§ AIM OF THE EXERCISE
Leaving out every picture, copy the lines of the material below exactly, from the line containing "swivel bar stools set of 2, velvet black" through the line containing "Westlife nán lại".

§ LISTED RECORDS
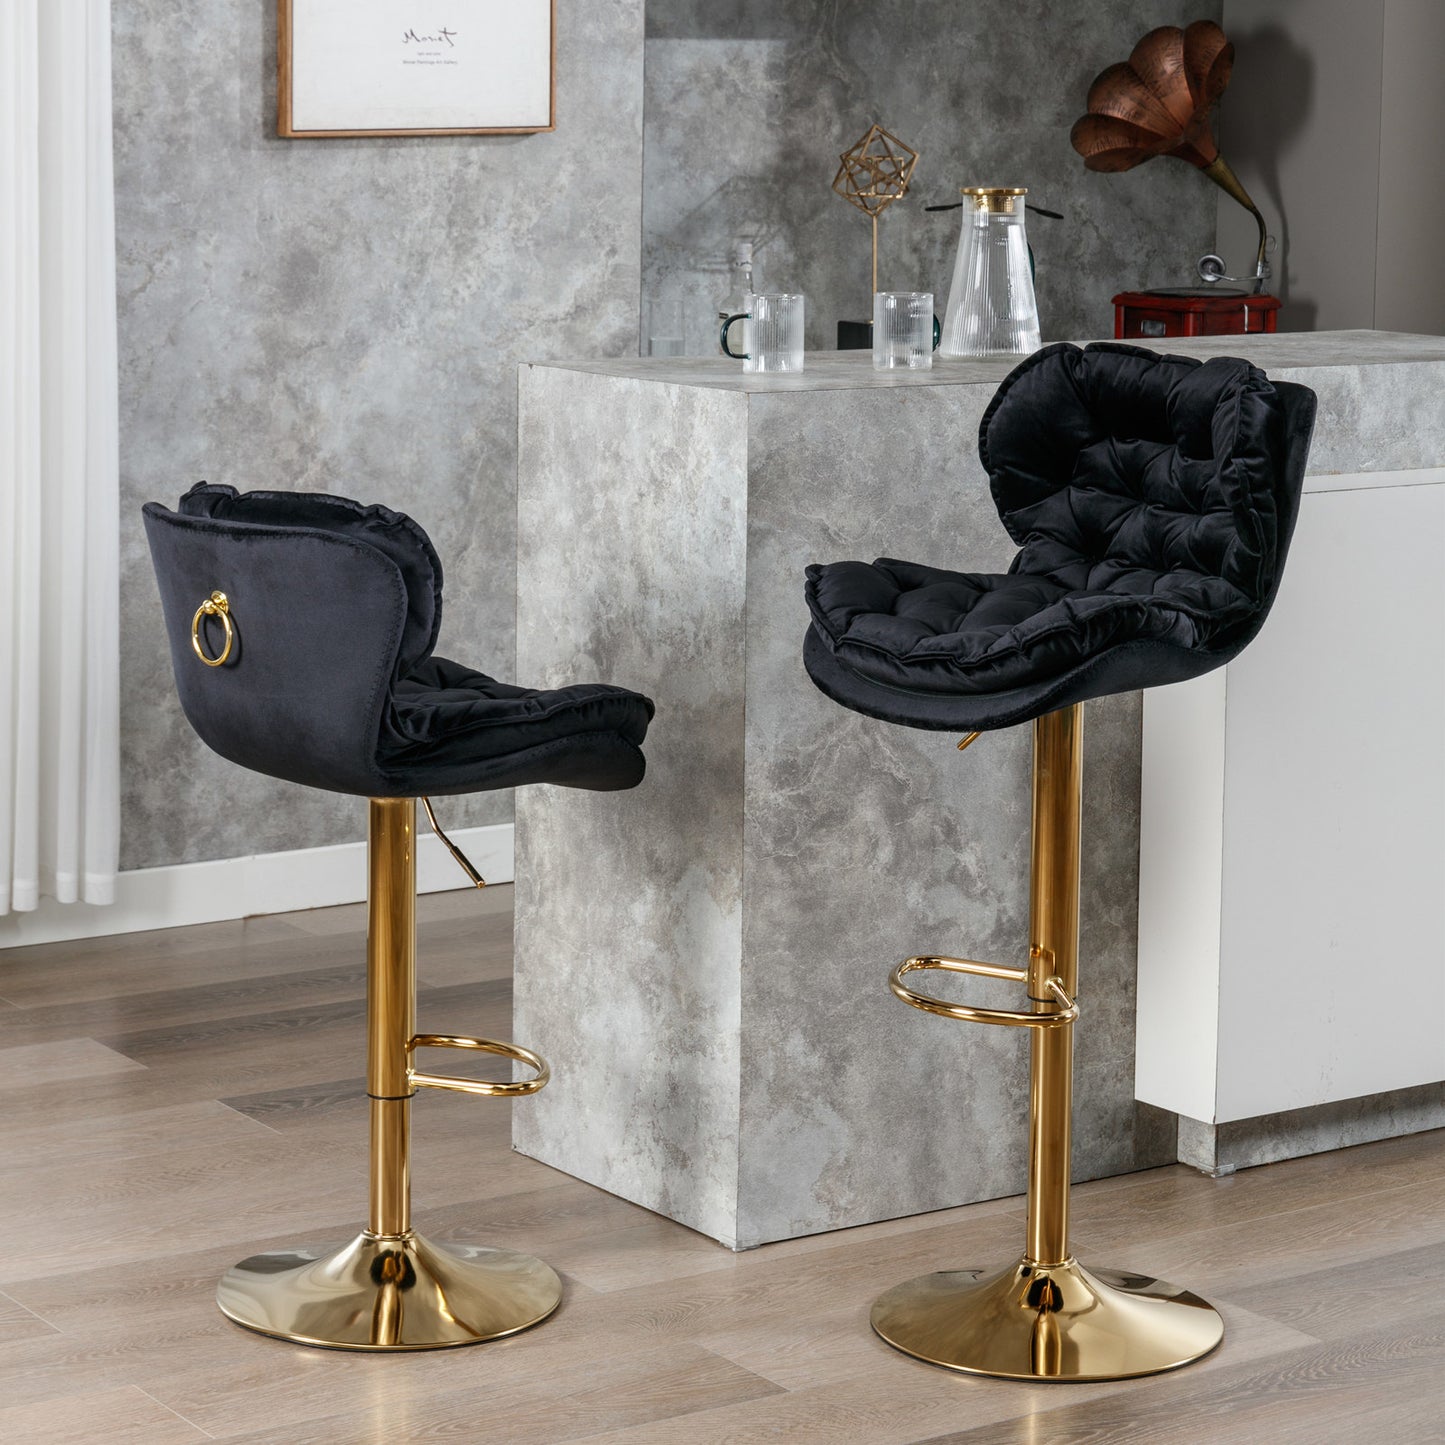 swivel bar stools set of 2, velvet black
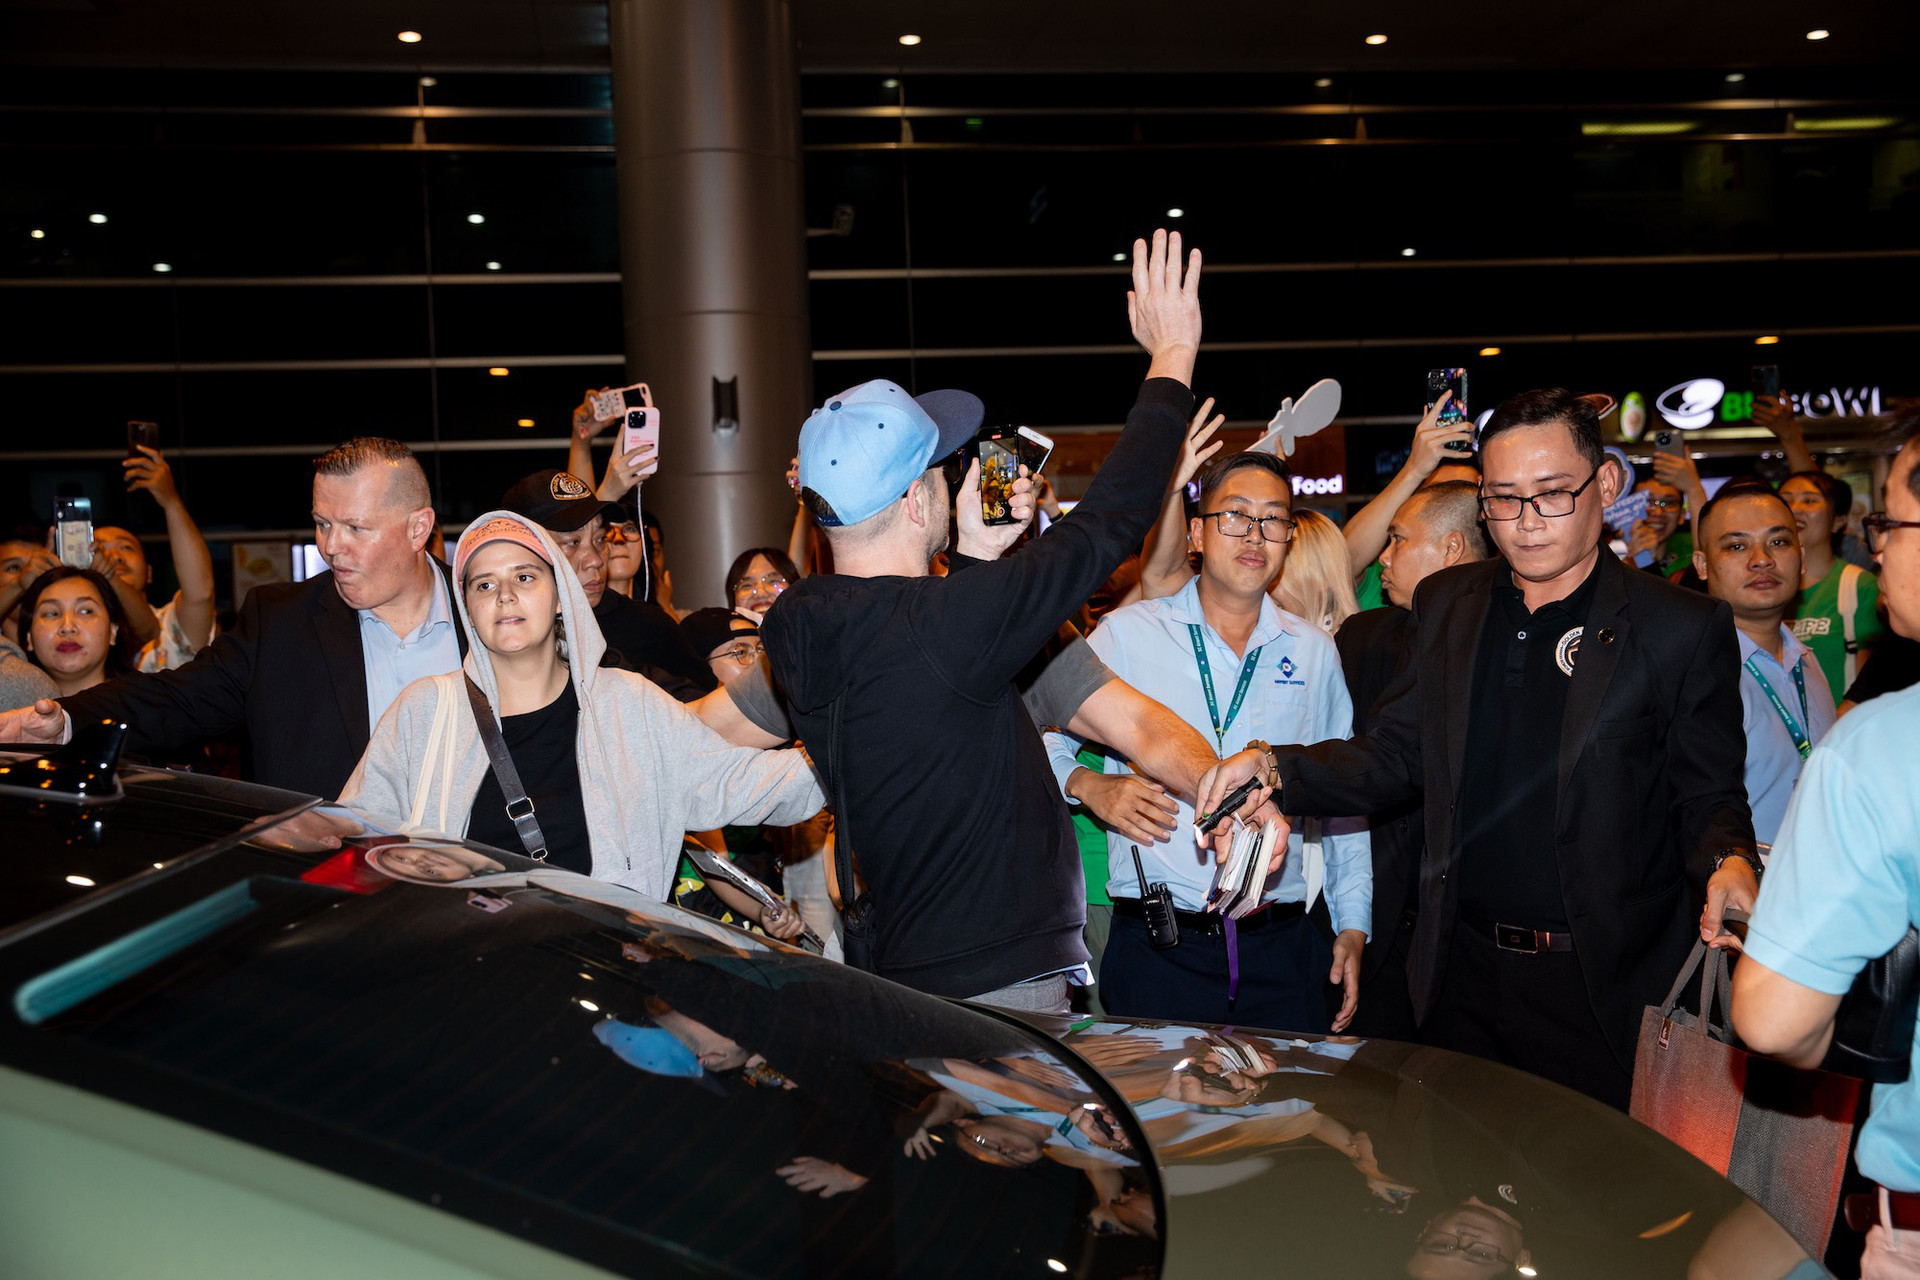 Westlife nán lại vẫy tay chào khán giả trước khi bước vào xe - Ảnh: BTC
---
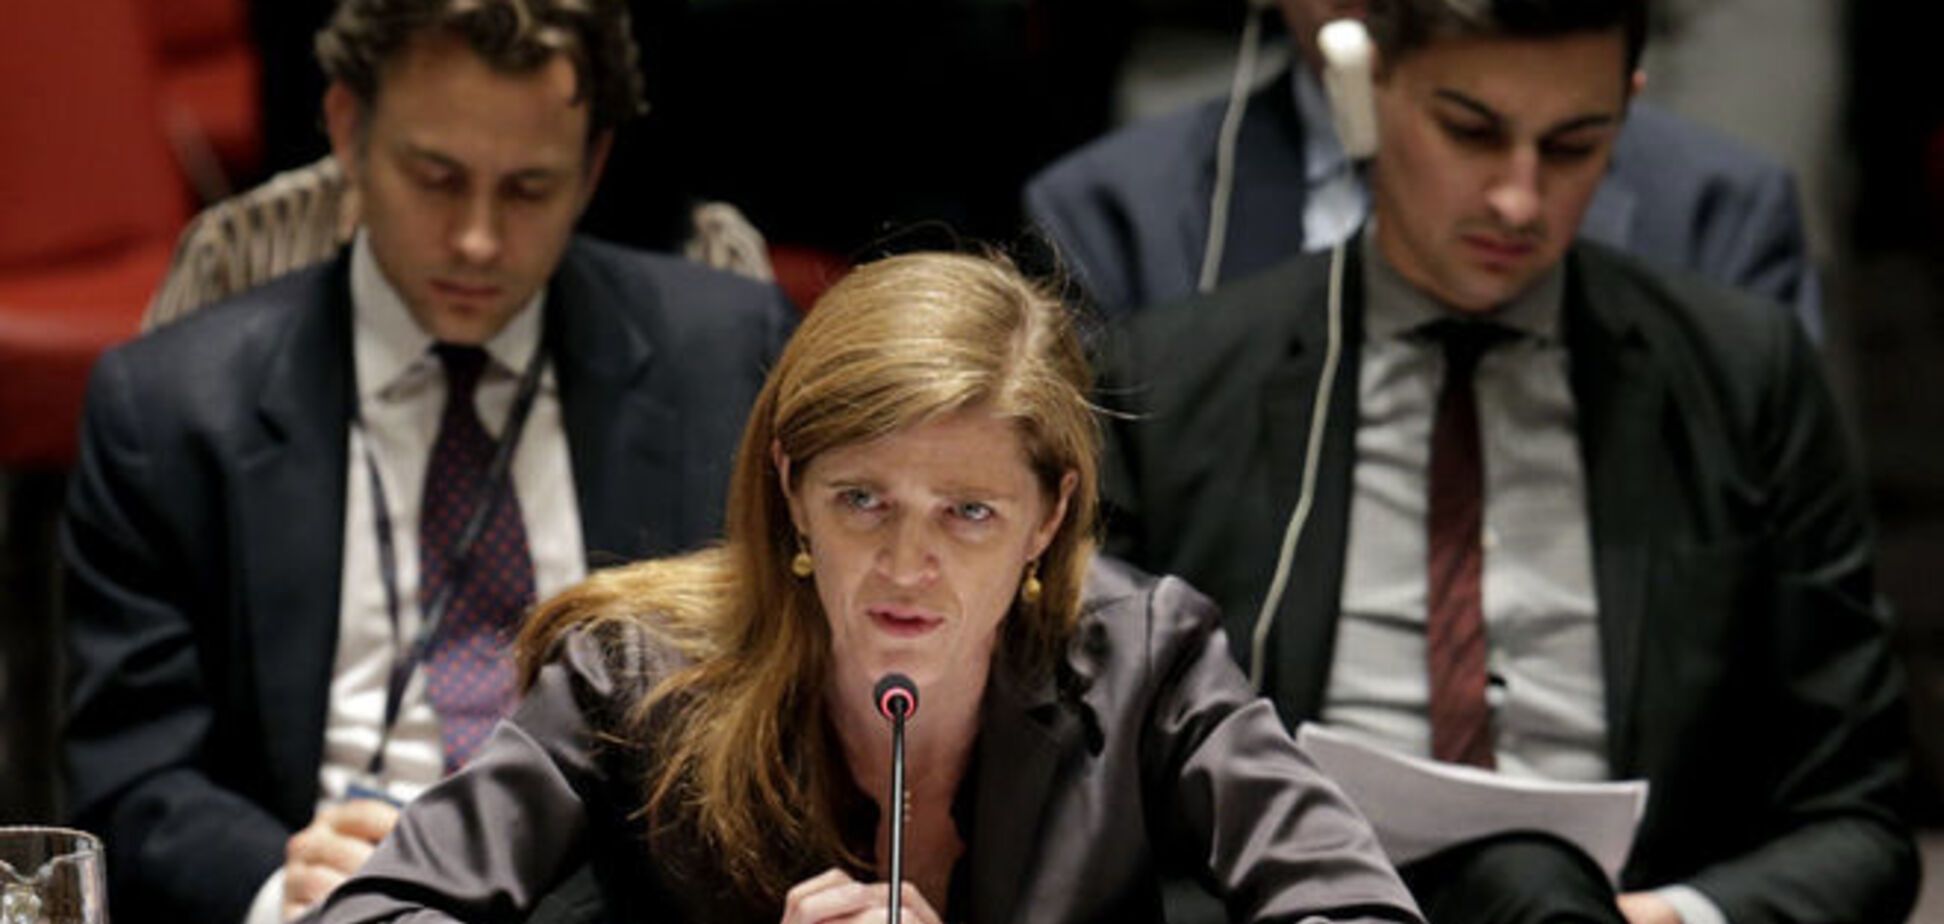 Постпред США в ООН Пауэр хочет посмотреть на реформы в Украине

§ RESPONSE TO THE EXERCISE
 swivel bar stools set of 2, velvet black
 Westlife nán lại vẫy tay chào khán giả trước khi bước vào xe - Ảnh: BTC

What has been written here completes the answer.